Há duas posições acerca da questão. Para alguns, a Vara pode ser criada sim, uma vez que passaria a ser o juízo natural de todas as causas criminais que envolvessem crime organizado.

Embora reconheça que a tese possa ser sedutora, para mim ela não resiste a uma análise mais criteriosa. Penso que a Vara não poderia ser criada, pelo menos com titularidade múltipla, pois a instauração de colegiado em 1º grau é matéria excepcional, de natureza processual sim, que só pode ser disciplinada, como de fato já foi, por lei federal.

Mas seja qual for o entendimento que se adote uma coisa é certa: com o advento da referida lei federal fica patente a regra geral do juízo monocrático em 1º grau, admitindo-se a formação do colegiado somente se o juiz do caso, em decisão fundamentada, indicar motivos e circunstâncias que acarretem risco à sua integridade física.

Isso quer dizer que, mesmo admitindo a possibilidade de criação, por lei local, de uma vara especializada para tratar de matéria alusiva ao crime organizado, a titularidade não pode ser coletiva, uma vez que a instauração do colegiado não é automática, pressupondo a iniciativa do juiz natural.

Diga-se, ainda, que a lei federal estabelece que o colegiado será formado pelo juiz do processo e por dois outros juízes escolhidos por sorteio eletrônico dentre aqueles de competência criminal em exercício no primeiro grau de jurisdição.

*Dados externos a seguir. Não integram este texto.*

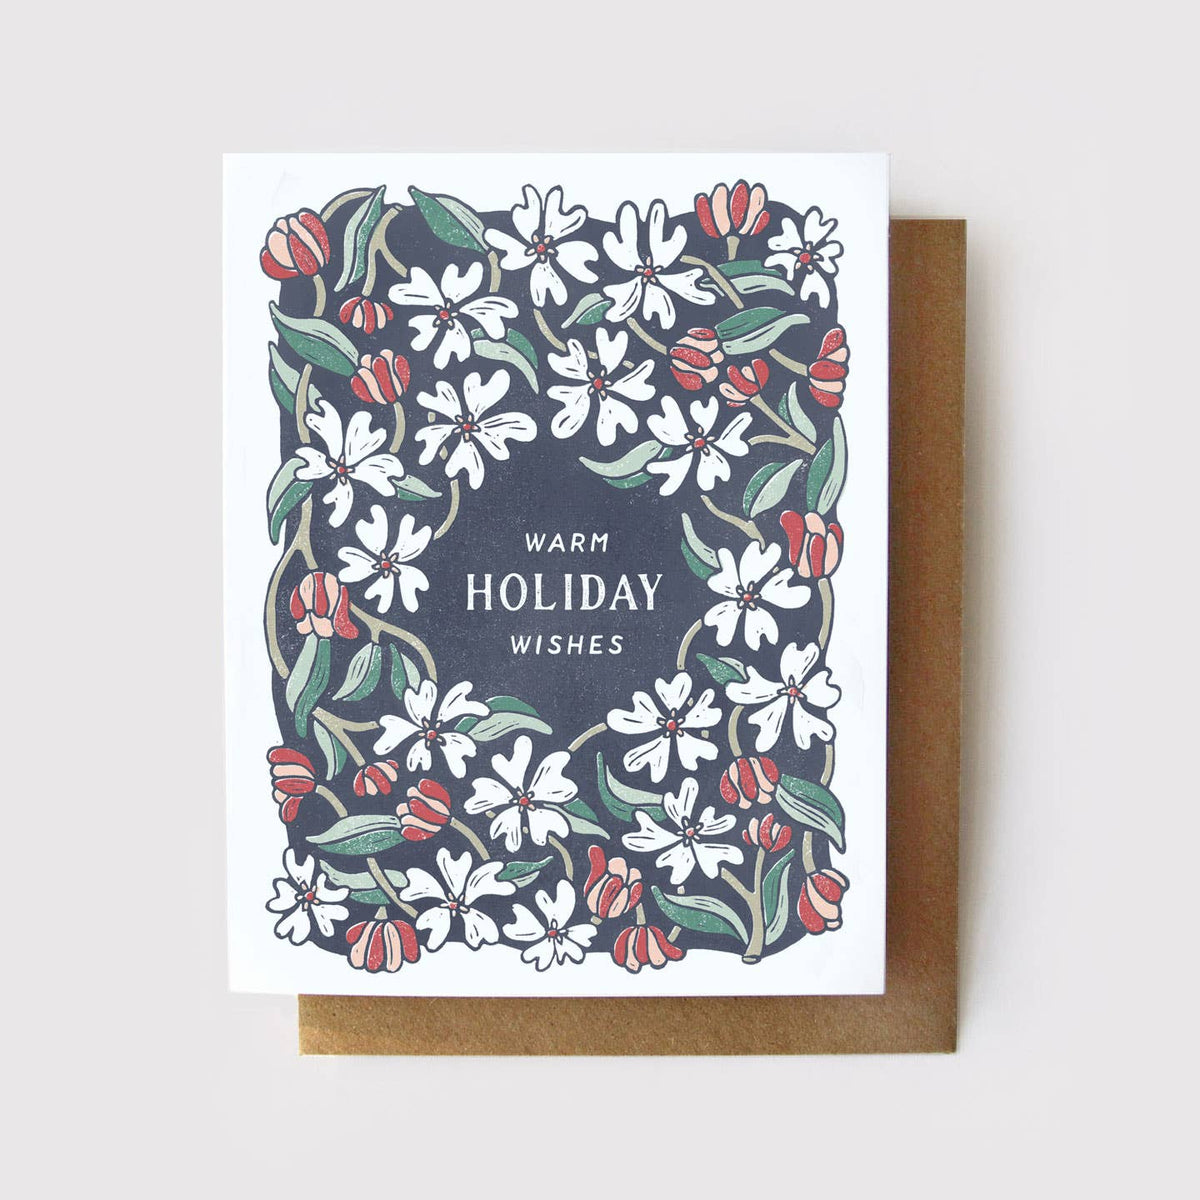 Warm Holiday Wishes Card - Floral Eco Friendly Holiday Card

Não há, portanto, segundo a lei federal, colegiado fixo e além disso os juízes sorteados têm competência limitada ao ato da convocação, ao contrário do que pretende o Projeto de Lei ora em trâmite na Assembleia Legislativa.

Constata-se, assim, que a lei federal ressalta a importância da preservação do juiz natural monocrático, cabendo somente a ele avaliar as circunstâncias do caso concreto e decidir acerca da formação do colegiado, o que gera, por conseguinte, o esvaziamento da 17ª Vara Criminal, pois na forma em que concebida, malgrado sirva ela ao modelo do direito penal do inimigo, é incompatível com a normatização advinda da lei federal.

Conclui-se, portanto, que é inócua a insistência em manter viva a vara especializada, que atua hoje sob escancarada ilegalidade.